What to produce :: In the entries that follow, find the line containing "定番 Standard |ID:crp329100000013112" and the line containing "Image of stem sawflies", then copy exactly everything from the first through the second except the pictures.

The input ::
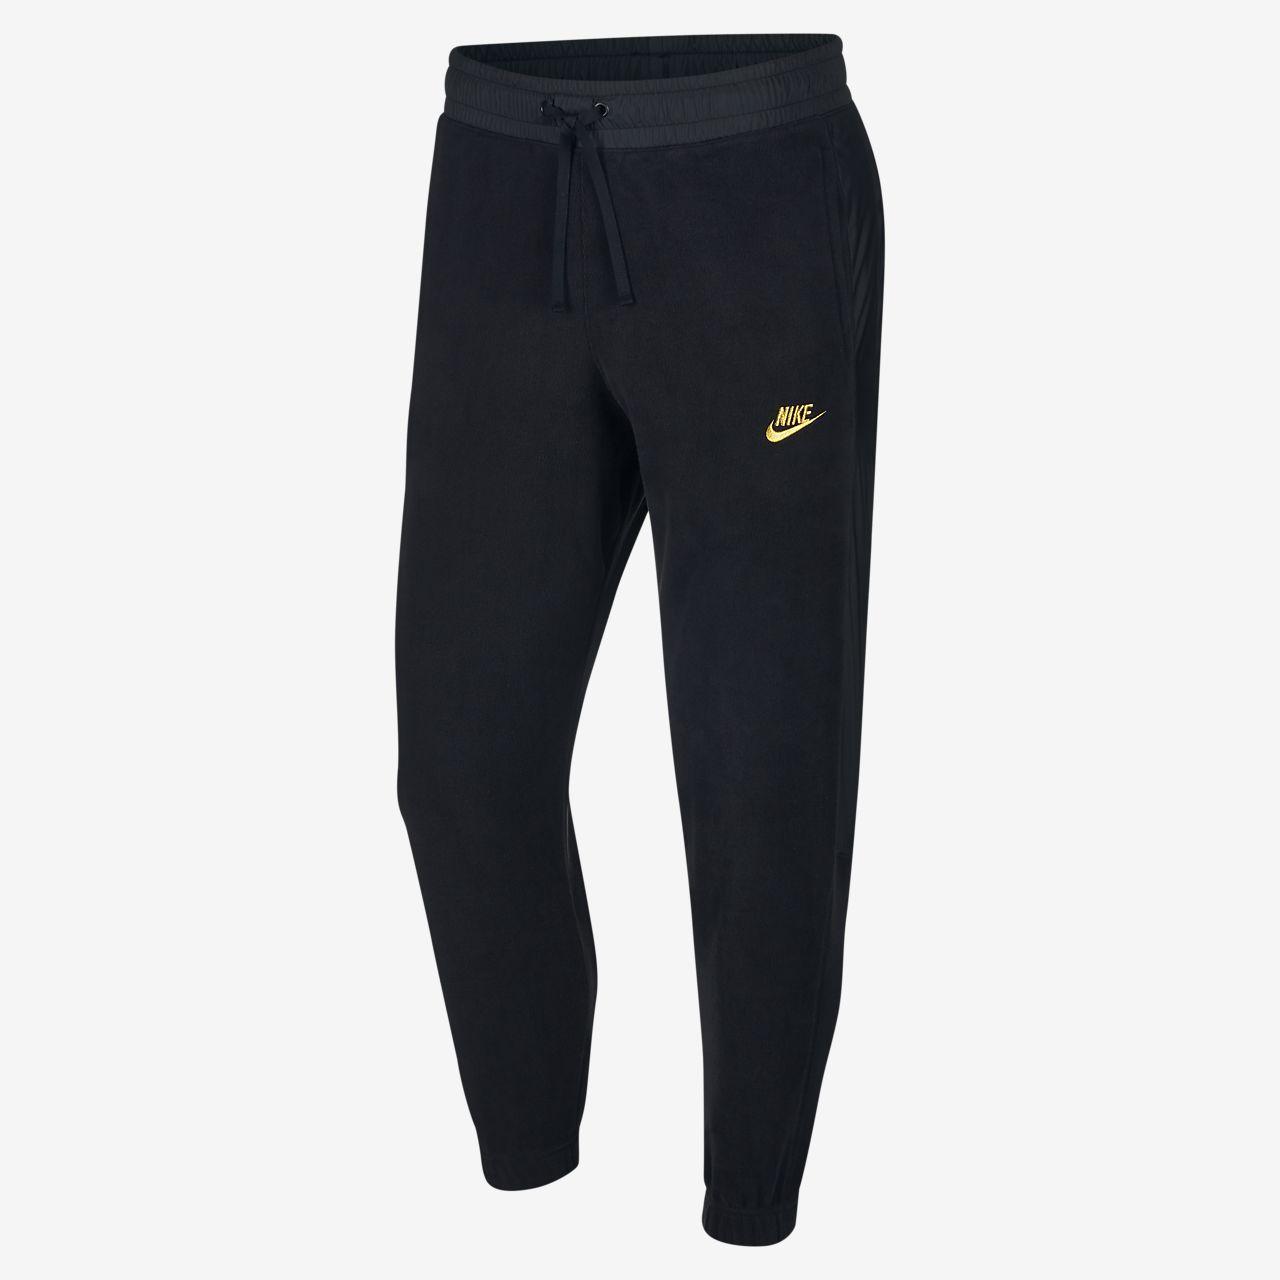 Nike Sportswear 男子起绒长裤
* * *
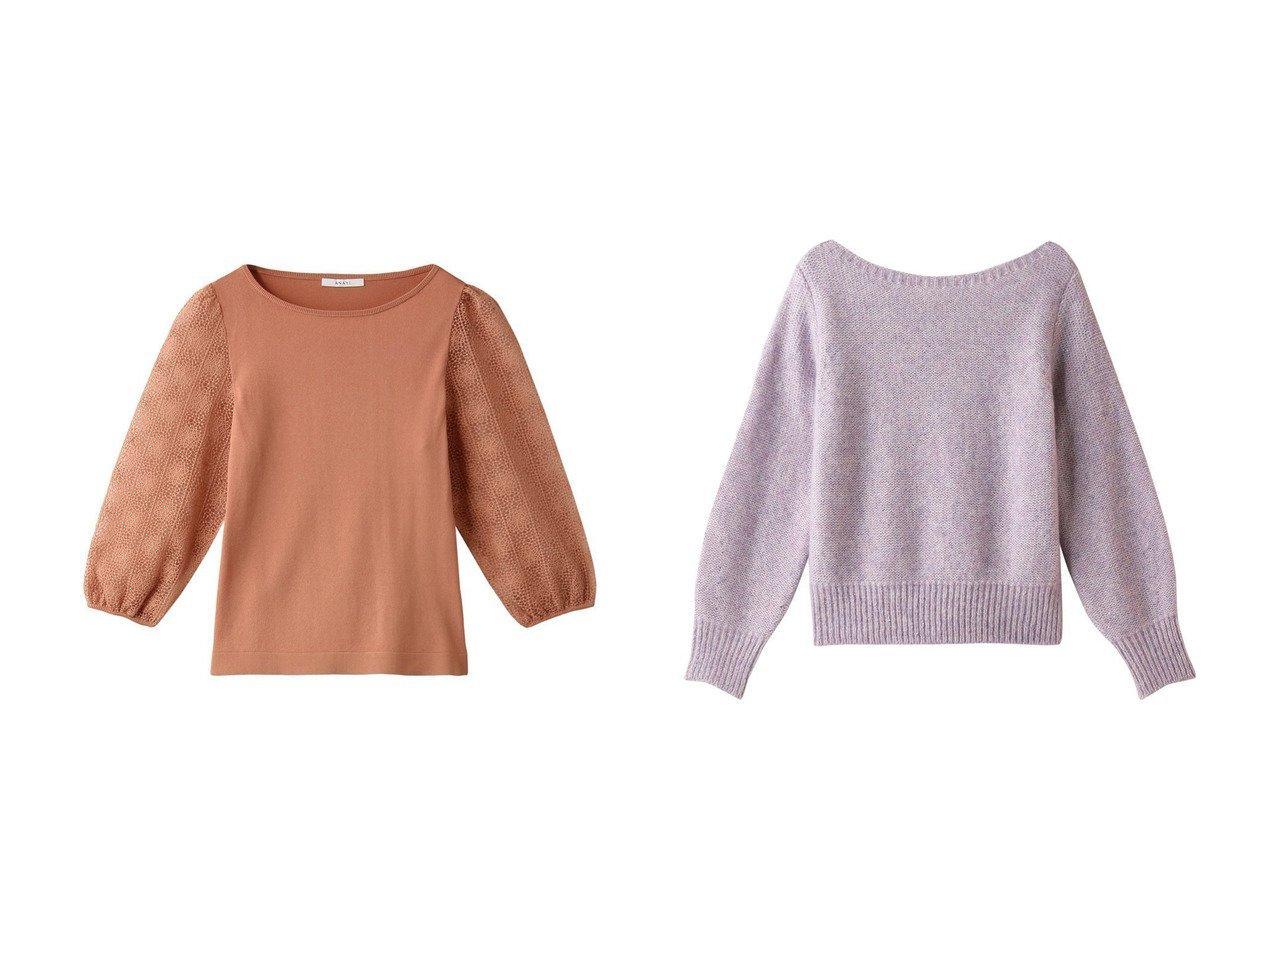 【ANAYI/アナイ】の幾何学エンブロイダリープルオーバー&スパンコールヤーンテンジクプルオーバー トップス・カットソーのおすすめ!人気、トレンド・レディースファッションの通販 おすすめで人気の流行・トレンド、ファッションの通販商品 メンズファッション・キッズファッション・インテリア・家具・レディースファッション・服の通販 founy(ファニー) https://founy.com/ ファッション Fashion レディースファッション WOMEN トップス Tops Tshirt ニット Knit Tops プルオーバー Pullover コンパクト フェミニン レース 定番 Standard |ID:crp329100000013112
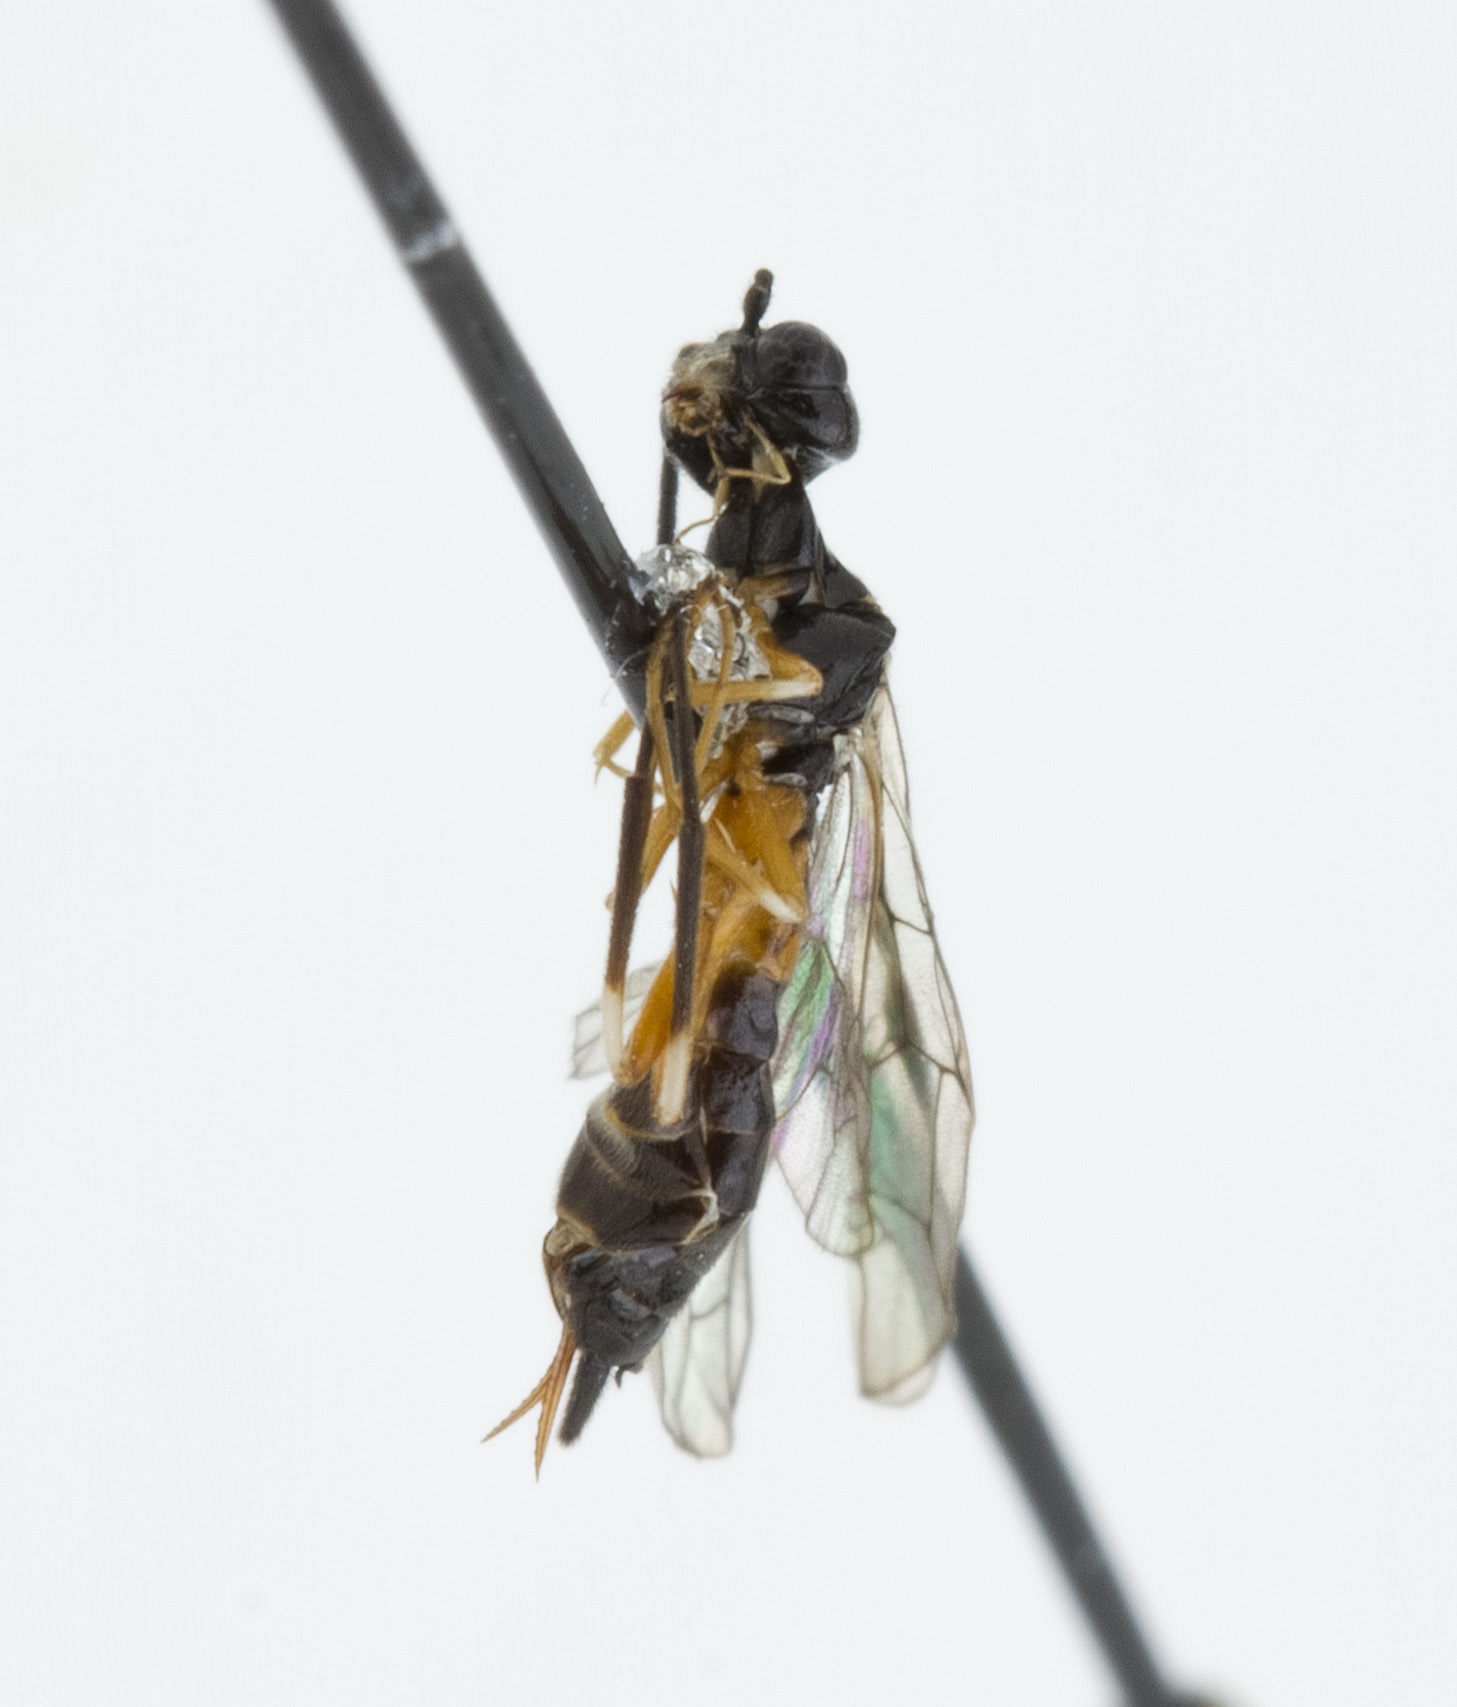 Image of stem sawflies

Your solution ::
 【ANAYI/アナイ】の幾何学エンブロイダリープルオーバー&スパンコールヤーンテンジクプルオーバー トップス・カットソーのおすすめ!人気、トレンド・レディースファッションの通販 おすすめで人気の流行・トレンド、ファッションの通販商品 メンズファッション・キッズファッション・インテリア・家具・レディースファッション・服の通販 founy(ファニー) https://founy.com/ ファッション Fashion レディースファッション WOMEN トップス Tops Tshirt ニット Knit Tops プルオーバー Pullover コンパクト フェミニン レース 定番 Standard |ID:crp329100000013112
 Image of stem sawflies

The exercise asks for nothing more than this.